The Federal Competition and Consumer Protection Commission (FCCPC) is the highest federal competition regulator in Nigeria. The FCCPC operates within the Federal Ministry of Trade and Investment and is responsible for protecting market competition and promoting consumer protection.
In 2019, President Muhammadu Buhari signed into law the Federal Competition and Consumer Protection Act, thereby creating the agency. The agency’s purpose is to develop and promote fair, efficient, and competitive markets in the Nigerian economy and to also facilitate the access by all citizens to safe products, and secure the protection of rights for all consumers in Nigeria.
In 2020, the FCCPC signed a “memorandum of understanding” with the U.S. Federal Trade Commission (FTC), pledging international cooperation in the realm of consumer protection efforts.

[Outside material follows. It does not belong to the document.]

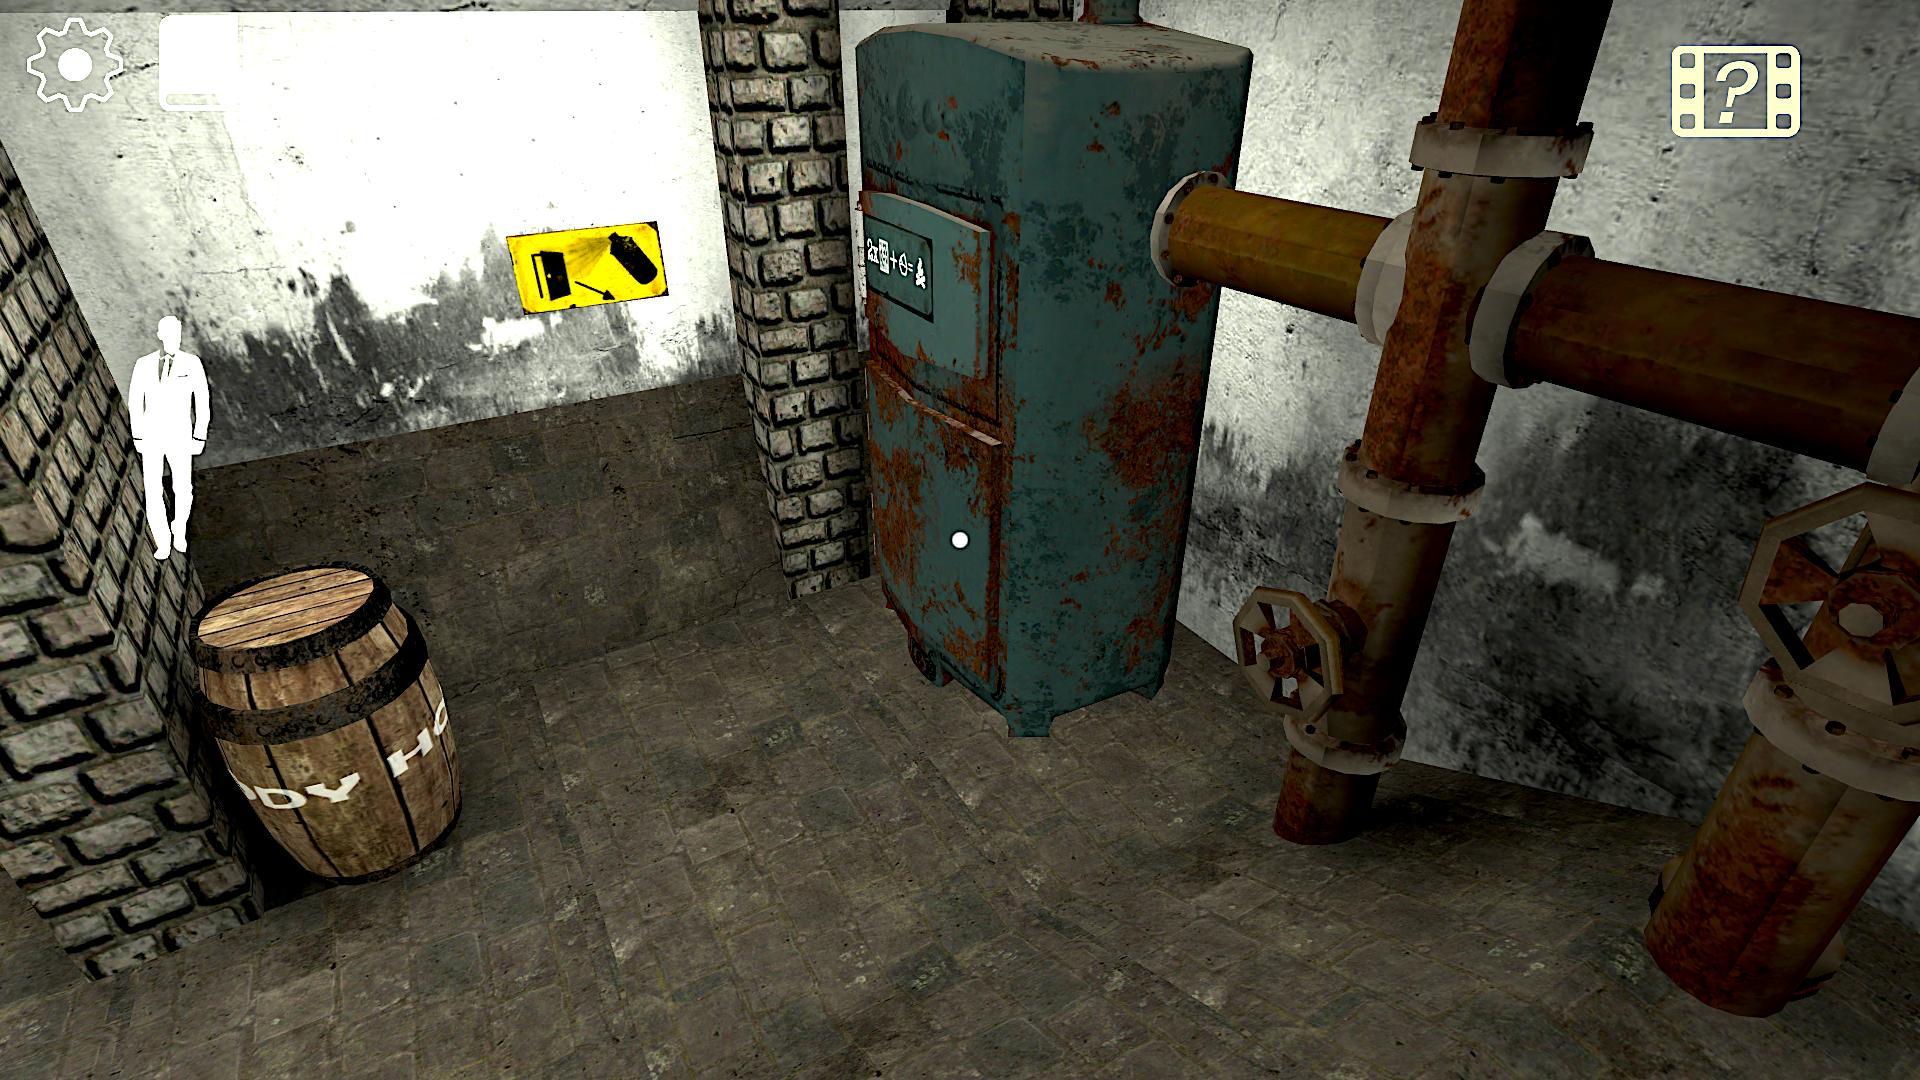 Evil Erich Sann : The New Horror Games. 2.5.0 Screenshot 5
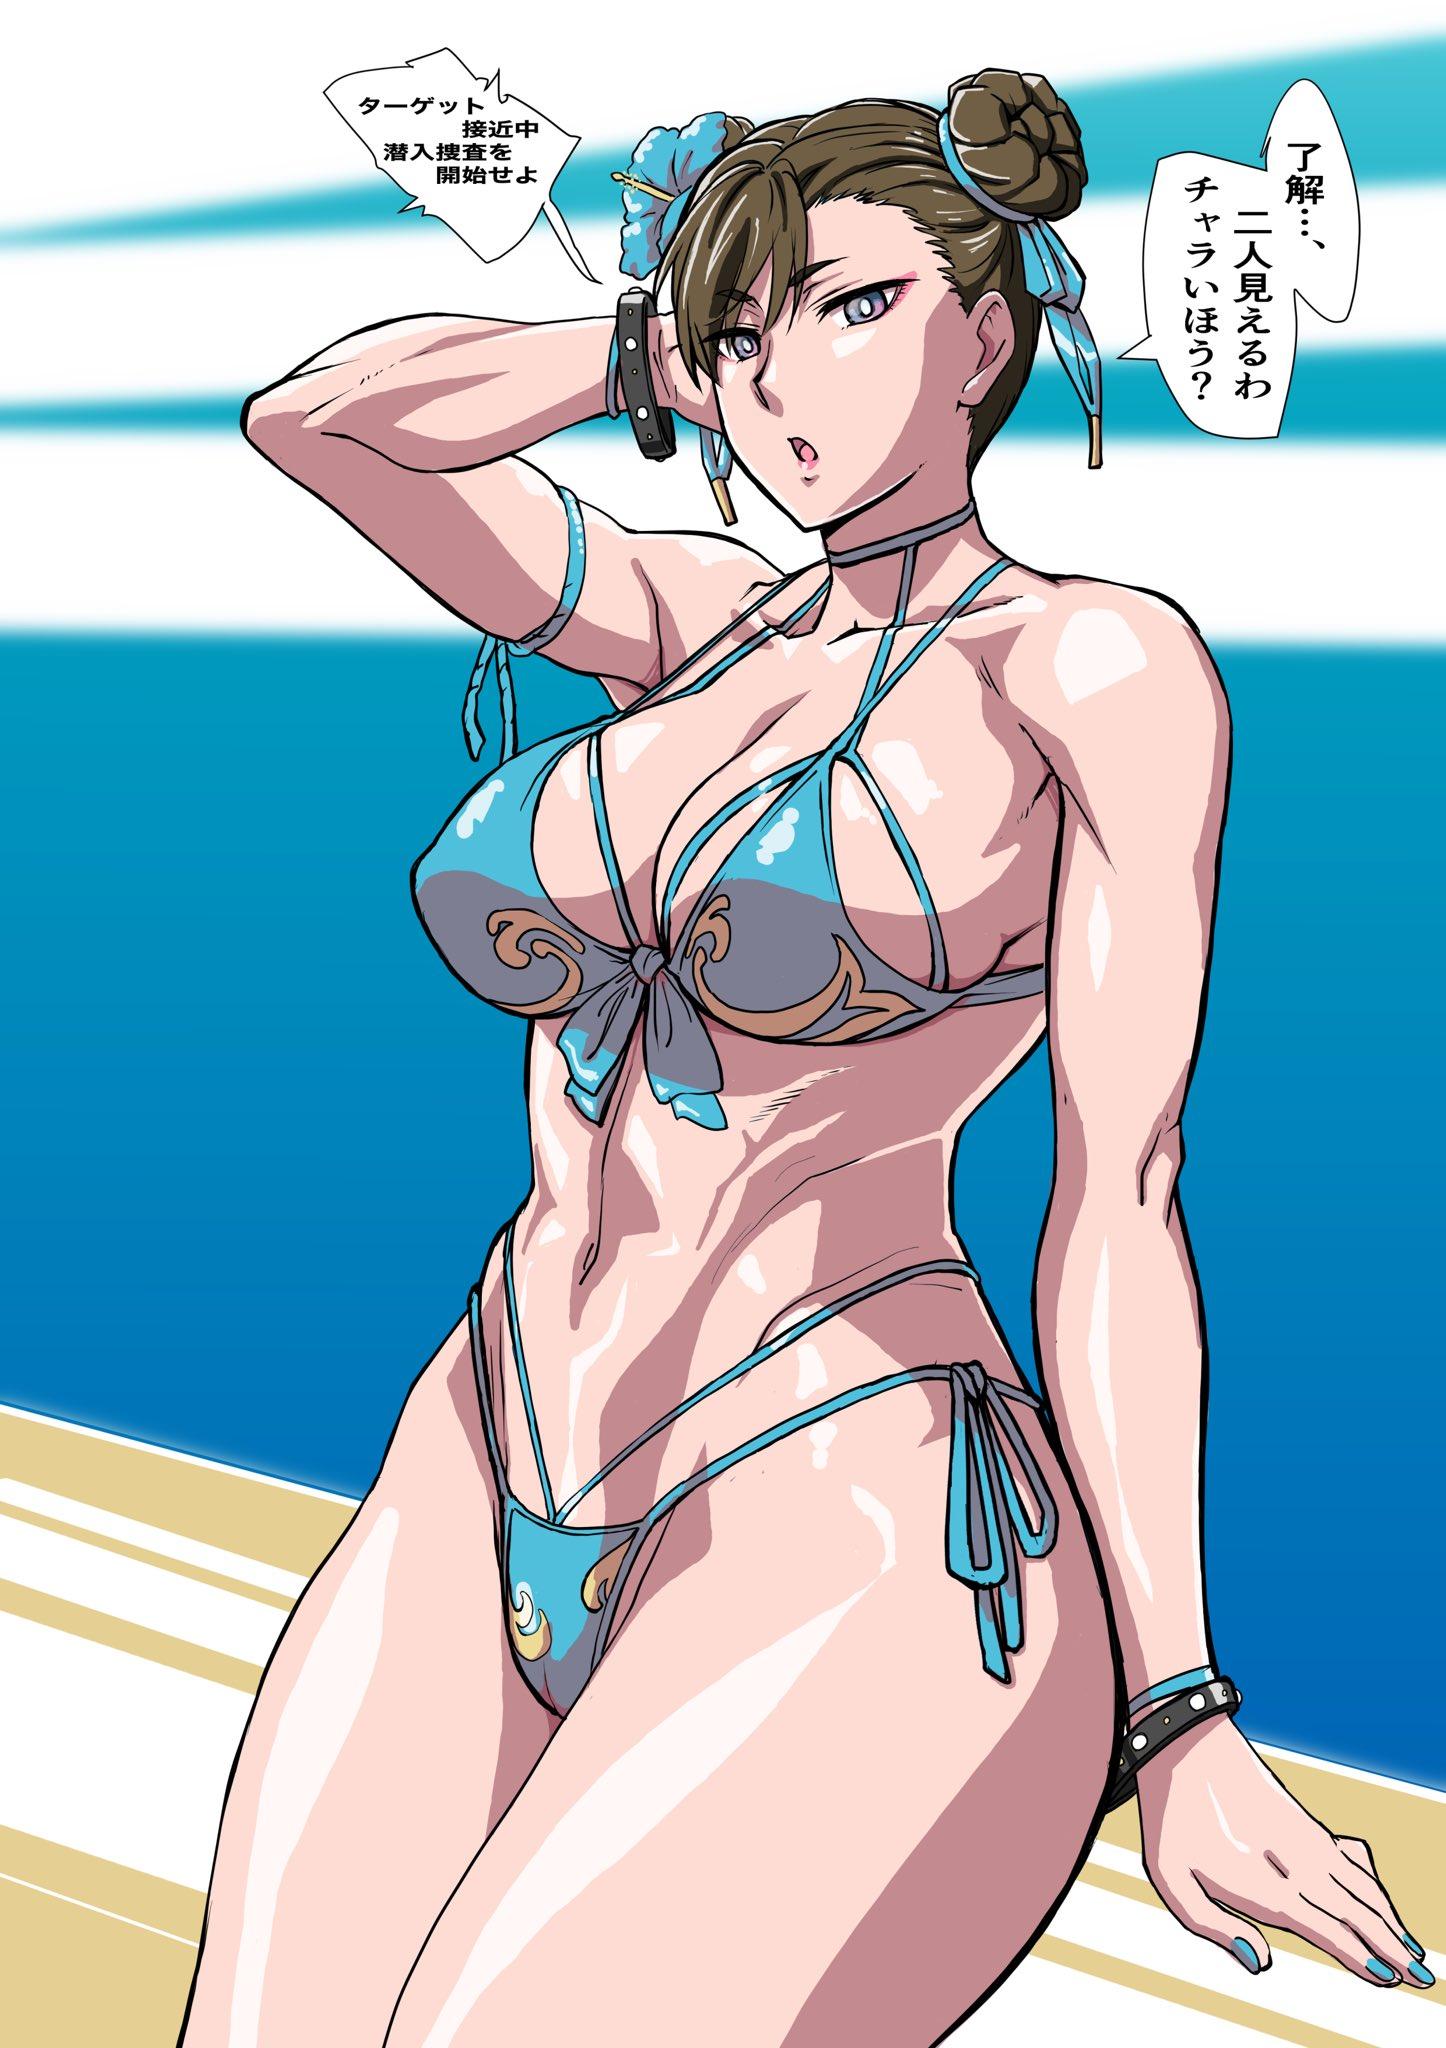 hawaii swimsuit.jpg

The commission, among other things, is to develop and promote fair, efficient, and competitive markets in the Nigerian economy, facilitate access by all citizens to safe products, and secure the protection of rights for all consumers in Nigeria.
Babatunde Irukera is the Chief Executive of the Federal Competition and Consumer Protection Commission, FCCPC.
The functions of this agency include:
- Ensure that producers and service providers and their patrons mutually respect their commercial and social contracts.
- Diminish to the barest minimum incidents of consumer aggravation and frustration.
- Sufficiently protect consumers from hazardous products or injury from consumption of substandard products.
- Promote a quality culture in both processes and final products.
- Engender a marketplace of informed, sophisticated and discriminatory consumers.
- Provide information and be a resource to consumers regarding products, trends, and patterns.
- Ensure that service providers and manufacturers make full disclosures of relevant information about their products, or developments with respect to consumption of their products, in a consumer-friendly manner that truly guides consumers’ choices.
- Ensure that producers and service providers institutionalise appropriate customer care systems including providing information, and appropriate support through the acquisition/consumption, and post-acquisition/consumption process.
- Promote the establishment of dedicated customer service apparatus by producers and service providers, including clear, transparent, and accessible complaint resolution mechanisms.
- Hold providers and producers accountable for satisfying customers, including serving as a secondary level complaint resolution mechanism.